Jeremy Bennett wrote:


> Or use the language behind the CoWare tools, SystemC, which has a
> free and open source reference implementation
> (www.systemc.org). It's a template library for C++ aimed at hardware
> modeling. Standardized as IEEE 1666, which unusually for the IEEE
> can be downloaded free.


As far as I know the language behind CoWare's Processor Designer is LISA
. On Coware's website it says:


"The key to Processor Designer's automation is its Language for
Instruction Set Architectures, LISA 2.0. In contrast to SystemC, which
has been developed for efficient specification of systems, LISA 2.0 is
a processor description language that incorporates all necessary
processor-specific components such as register files, pipelines, pins,
memory and caches, and instructions. "


> CoWare's tools are good, and they have other tools aimed at ASICs in
> general.

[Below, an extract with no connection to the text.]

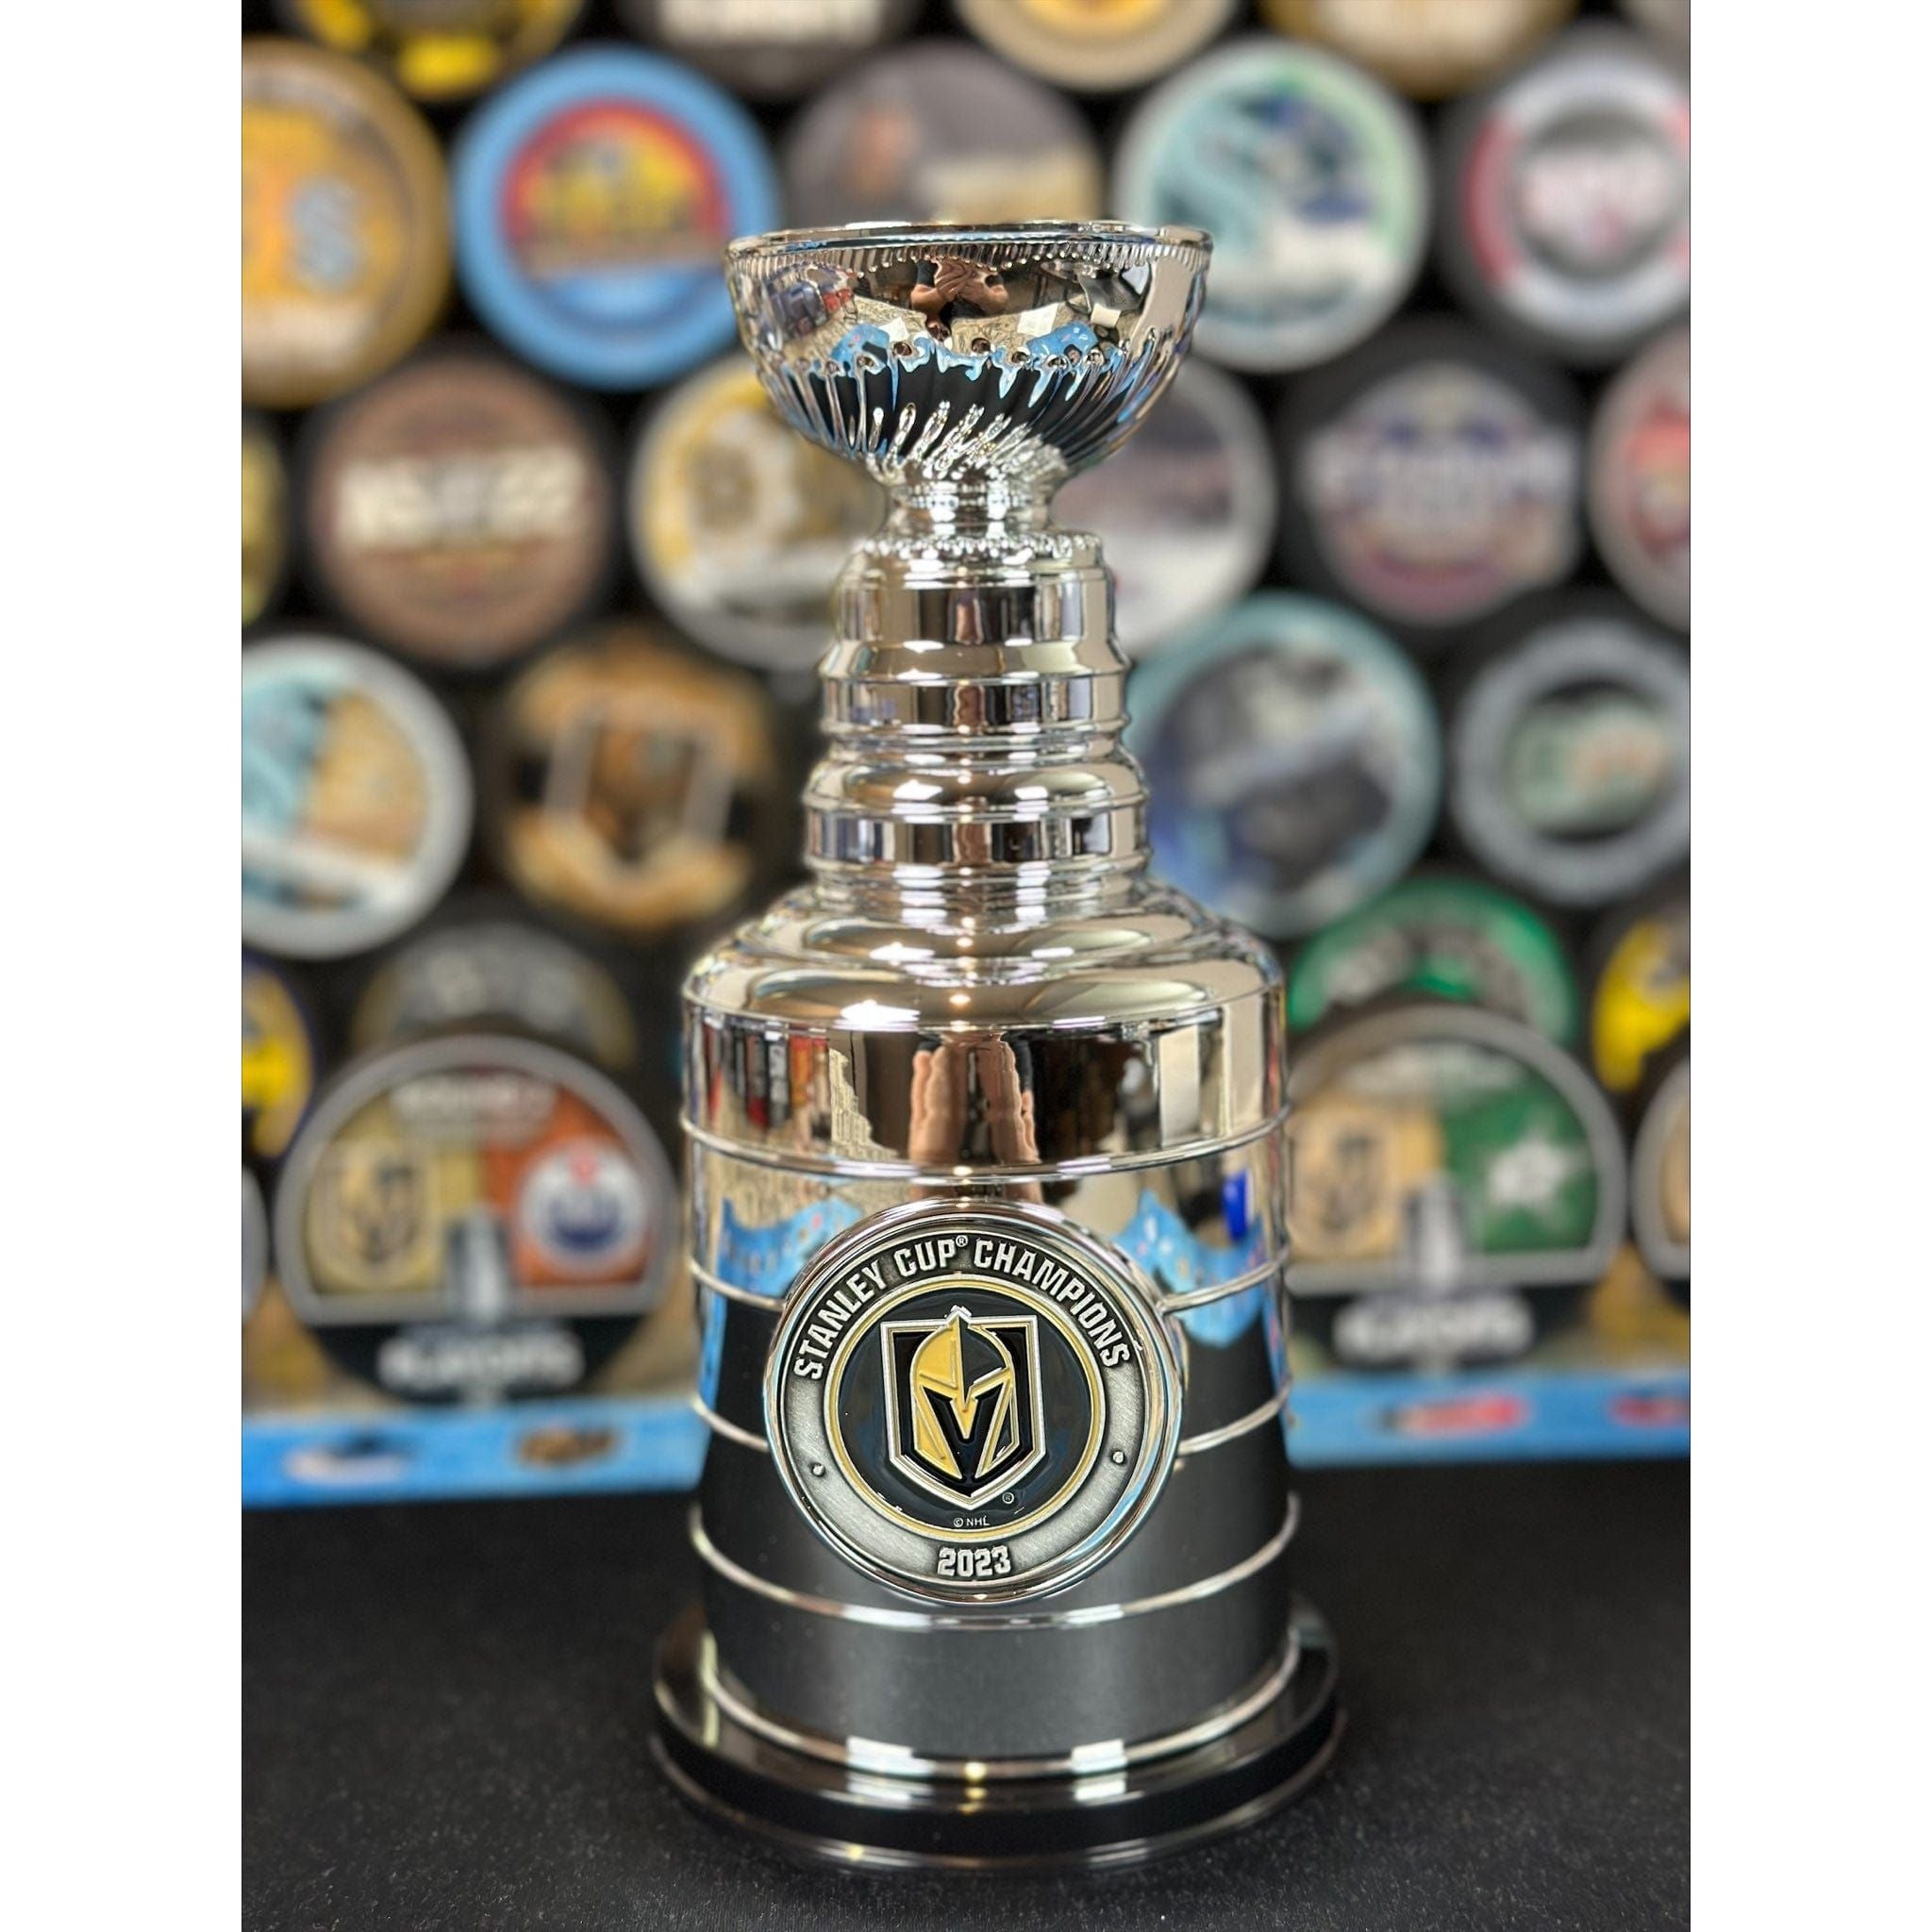 🏆 - Vegas Golden Knights on X: ALSO A replica of the sword in

There are plenty of others out there as well. Generally
> they add a graphical development environment (Eclipse based in many
> cases, including CoWare) and libraries of pre-packaged IP models
> (bus protocols, common peripherals, transactors). However the
> underlying functionality of SystemC may be sufficient for your
> purposes.


I'm not quite sure how SystemC might help the original poster in
constructing the compiler targeting arbitrary bit-width integers.


Cheers,


        Bjoern








>> ihusar@fit.vutbr.cz wrote:
>>> Hello everyone,
>>>
>>> I am working on a project, where we are trying to make a development
>>> environment for new ASIP processor design. This project, among other
>>> parts, contains compiler and simulator generator. For these two parts,
>>> I would need some C compiler, that supports arbitrary bit-width
>>> integers.
>>>
>>> For the simulator, we need to generate code that simulates registers of
>>> arbitrary bit width and for compiler generator, we would need to
>>> optimize C code that describes instruction's behavior to extract
>>> instruction selectrion rule for each instruction,
>>>
>>> Have you heard or read about such compiler? (any references would be
>>> useful)
>>>
>>> P.S.: So far, I have found Valen-C project (quite old, not made it work
>>> yet), then I tried the clang frontend (it seems that to implement
>>> support would be quite problematic but not impossible) and also I am
>>> going to try some synthetizers that generate HW from C code.